TASK STATEMENT: Give all of the data below again exactly, and drop the images.

GIVEN DATA:
● ● ● ● ●

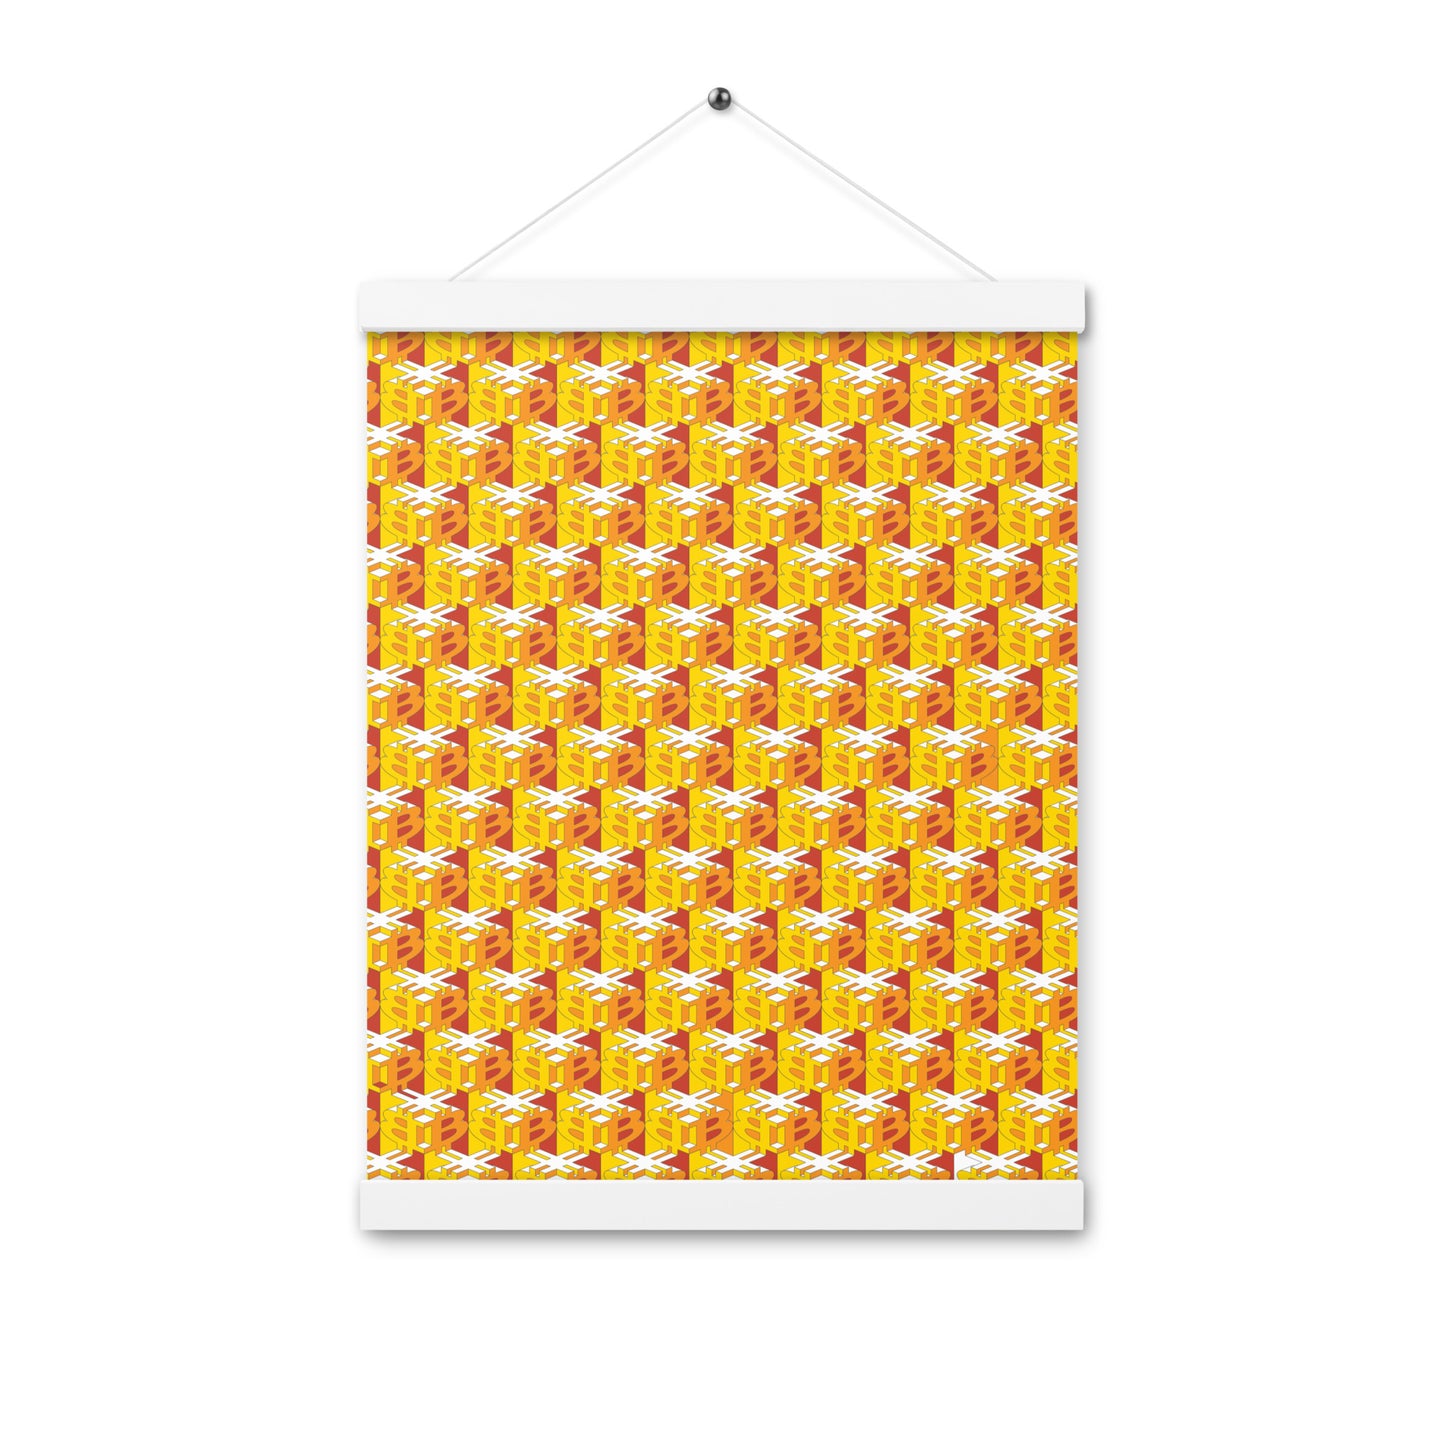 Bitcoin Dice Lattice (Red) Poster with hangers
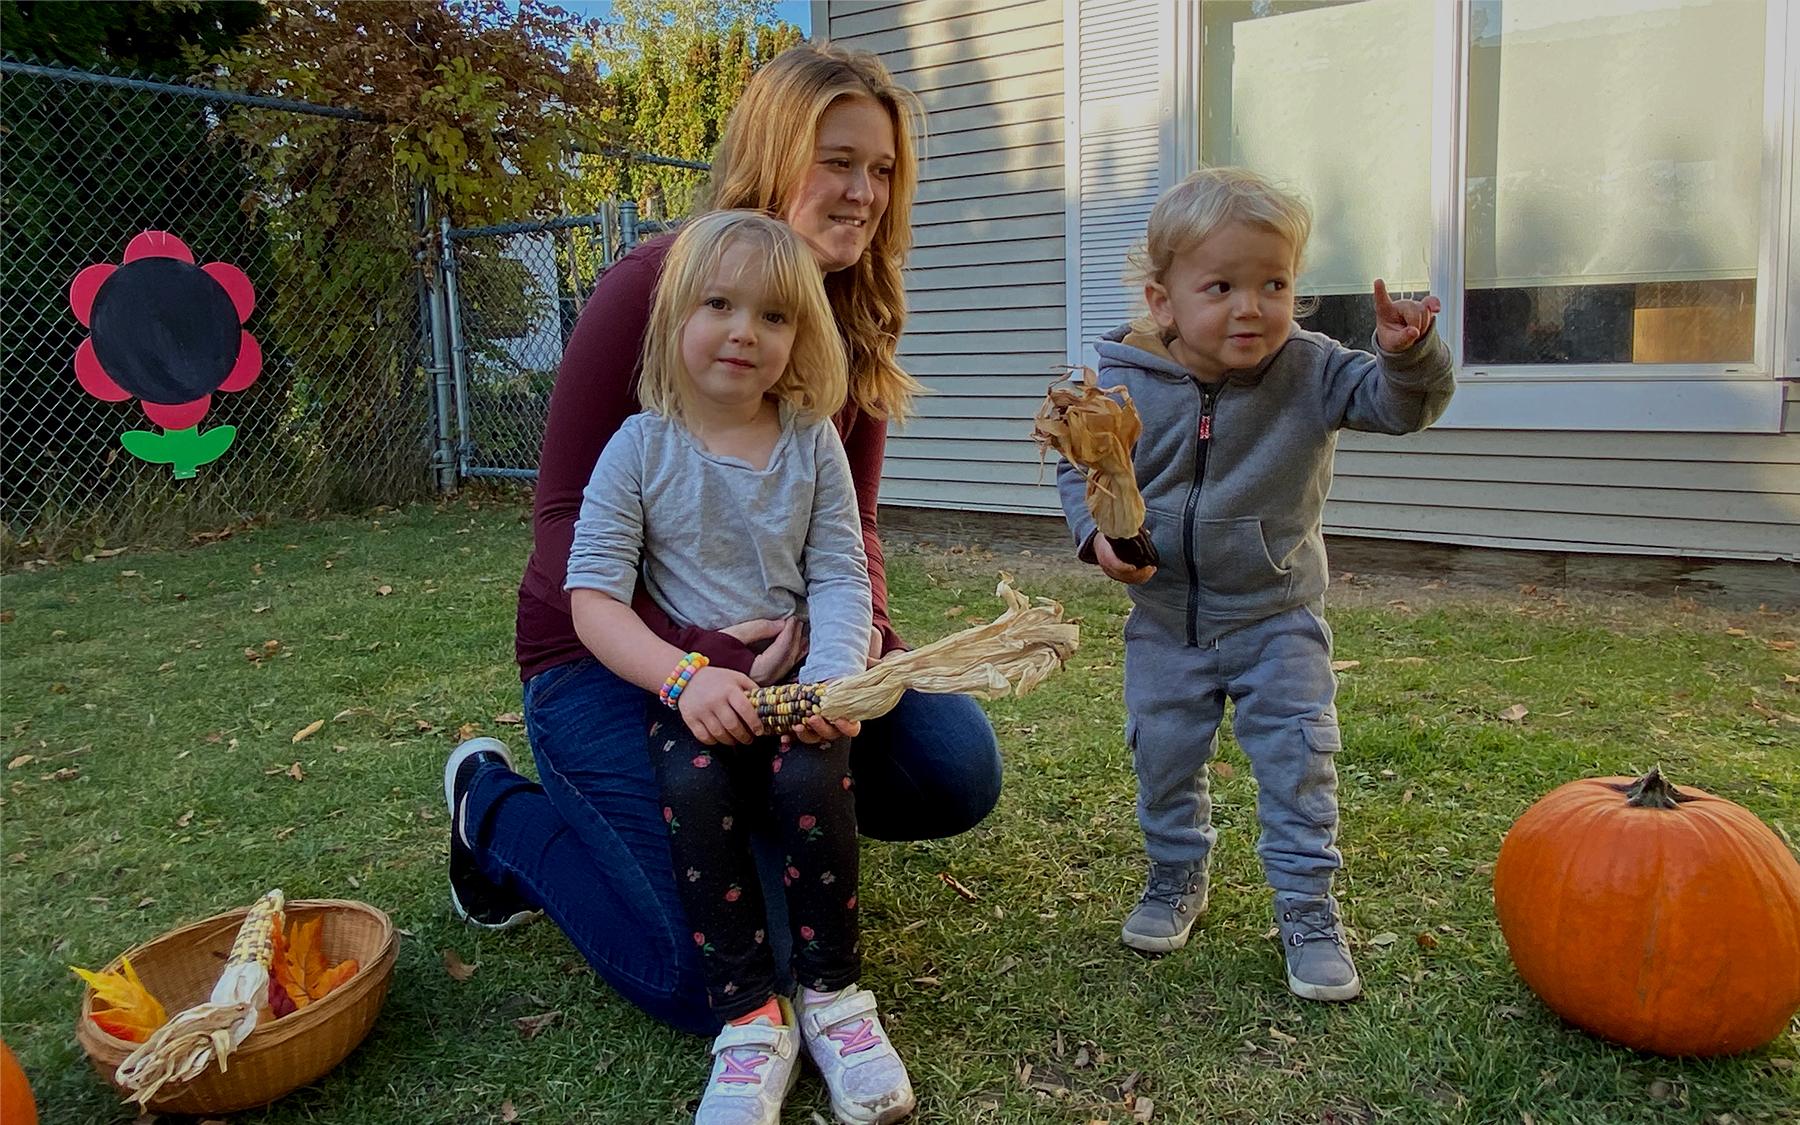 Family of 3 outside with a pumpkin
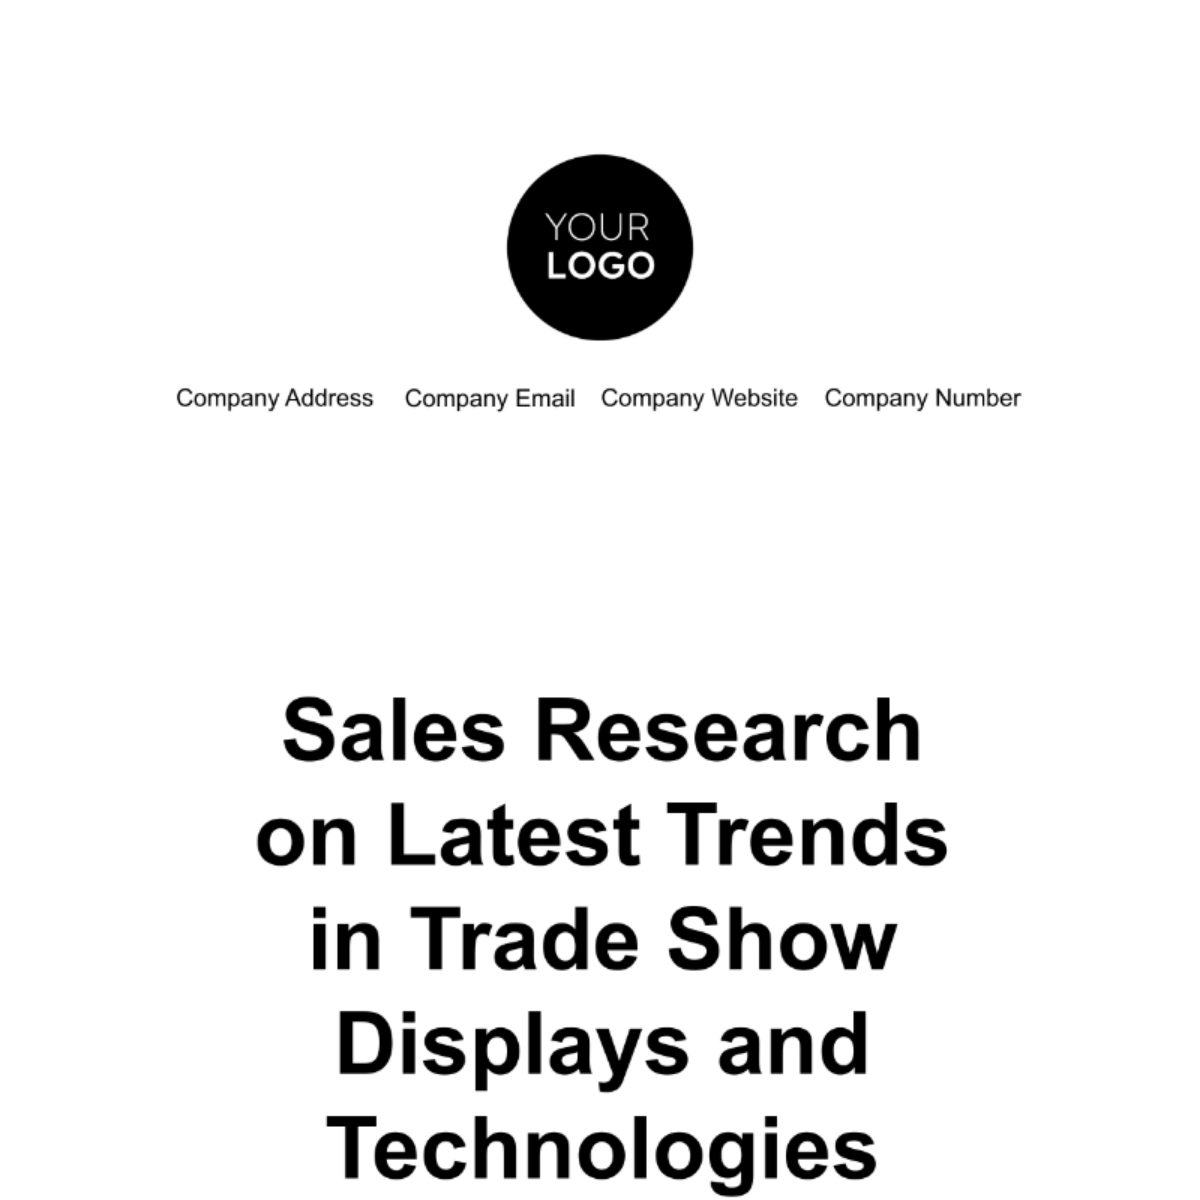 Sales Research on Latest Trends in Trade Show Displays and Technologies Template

● ● ● ● ●

SOLUTION TO THIS TASK:
 Bitcoin Dice Lattice (Red) Poster with hangers
 Family of 3 outside with a pumpkin
 Sales Research on Latest Trends in Trade Show Displays and Technologies Template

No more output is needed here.